Se escolhe seguir o Direito, existe a renúncia a vários outros caminhos profissionais. Qual é a pena a ser paga por seguir esse caminho? As dores e os percalços sempre existirão, apenas serão diferentes. Trilhas distintas, sofrimentos alternados. No entanto, estarão lá. Para qual destino final levará a trajetória? Se há uma certeza possível, é apenas (aos mais privilegiados) da certidão de óbito, acompanhada de uma cerimônia entre amigos e familiares. Não como, quando e por qual razão, todos chegarão lá, em algum momento ainda não sabido.

Em carne e osso, algumas pessoas possuem mais facilidade em atuar em diferentes frentes, serem conduzidas pelo ir e vir, fluxo e refluxo da maré. Existem as que estão tão identificadas com o papel exercido que o vislumbre de mudar de personagem ou cenário já causa paralisia. O filme da vida está bom? Não importa, o costume acomoda, de tal forma que a lama faz às vezes de cama.

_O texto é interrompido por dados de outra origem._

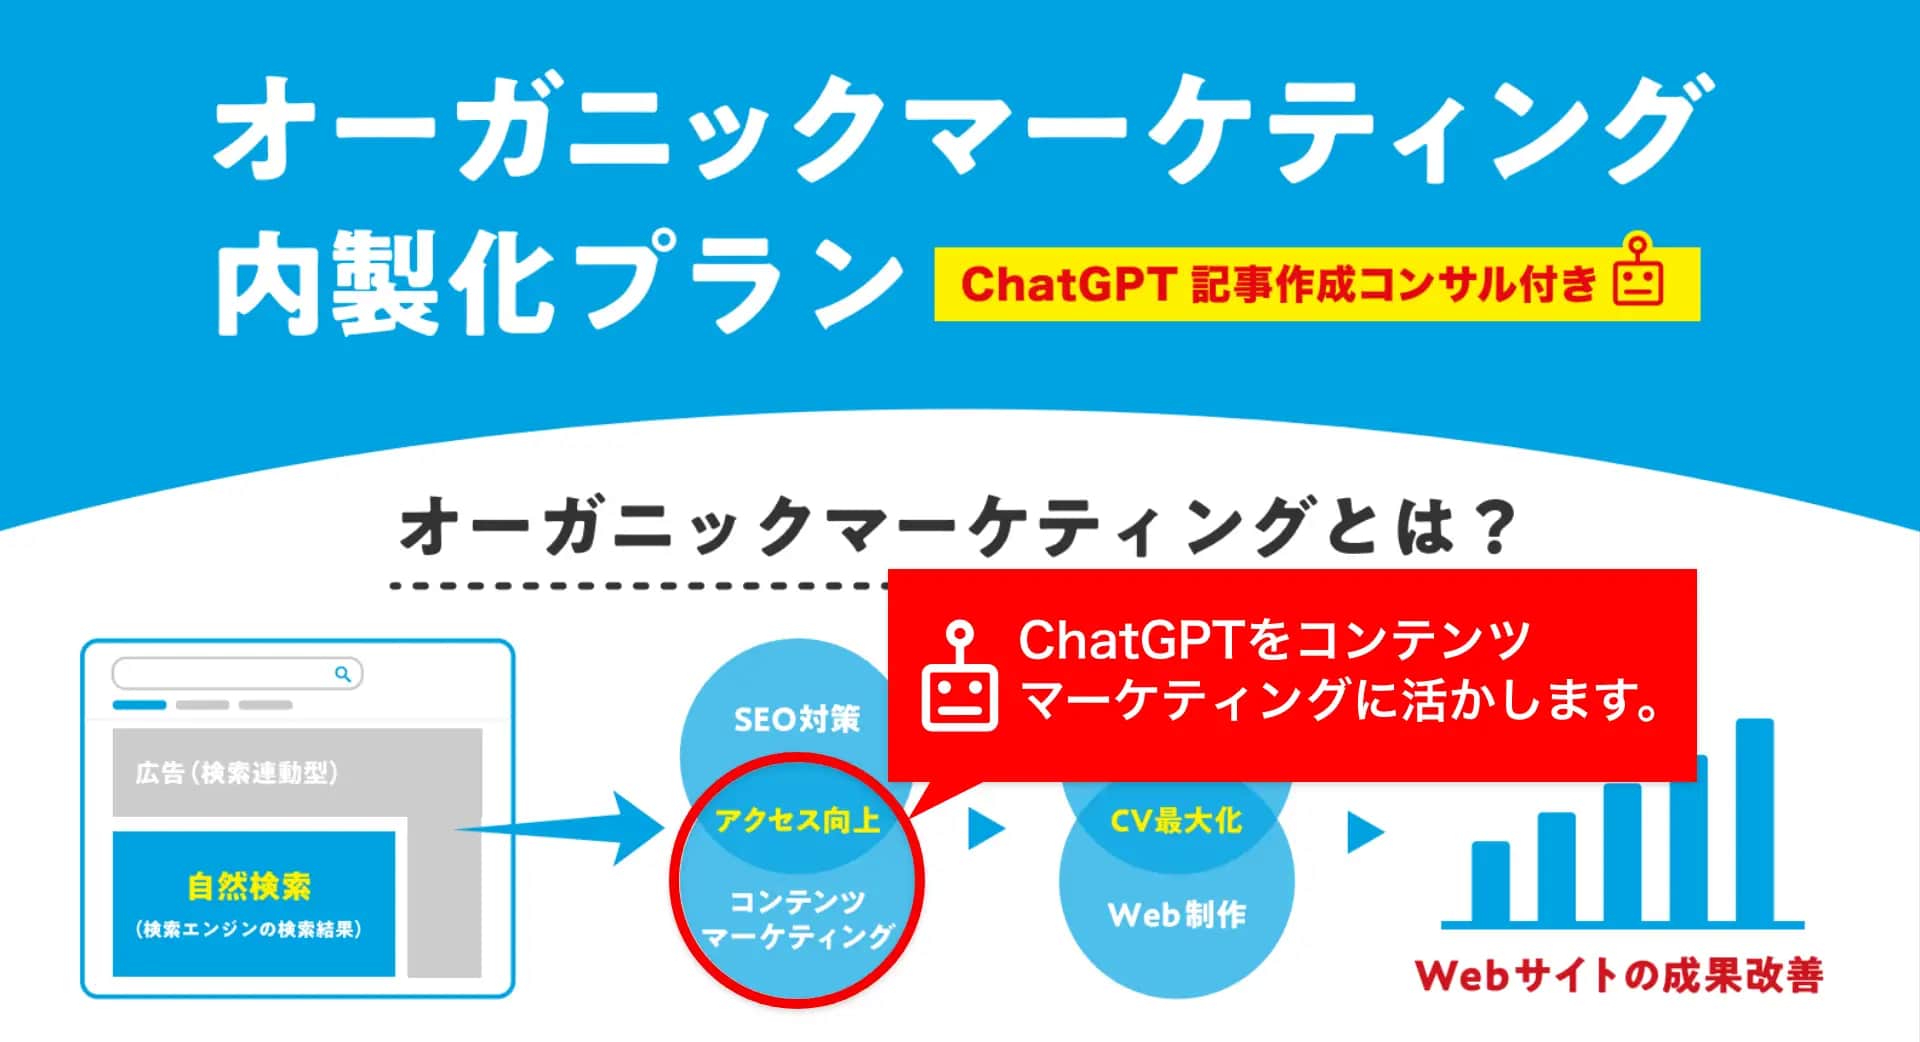 記事作成方法とSEOノウハウもセットで提供「ChatGPT記事作成コンサルティング」

Não há nada mais perigoso do que a zona de conforto” – registrariam os mais aclamados best-sellers sobre os 100 hábitos dos invencíveis da alta performance. Ali ficamos, ali permanecemos, entorpecidos pelas mais diversas distrações, para não olharmos para o que realmente incomoda. Para não olharmos para a mudança, porque mudança exige coragem.

É preciso lembrar que o palco não é eterno. É um breve vislumbre, passageiro, rápido. O episódio é perene. Ademais, leva-se em conta a busca por bens materiais. Para transitar neste mundo, comida no prato, uma boa escola, casa confortável: é um sonho de muitos. Quando a hora da cortina chegar, a mansão que deixaremos será enaltecida para os próximos da fila garantida pelo Código Civil. Para os outros, os não herdeiros, um fato que pouco importará, a menos que seja motivo de conflito a ser estampado em matéria de portal sensacionalista. Heranças, principalmente de pessoas públicas, geram audiência.

No Dia de Finados (termo que remete ao fim), fui visitar minha família no cemitério São Francisco de Paula, em Trajano de Moraes, no Rio de Janeiro. Passei a prestar atenção em cada pessoa que por ali passava com flores e velas. As lamentações dos visitantes não eram pela matéria que os mortos deixaram para trás. Os choros vinham pelos sorrisos que cada pessoa conquistou em vida, pelos corações que tocaram, pela ajuda que deram ao próximo, honrando o que Pessoa registrou: “Tudo vale a pena quando a alma…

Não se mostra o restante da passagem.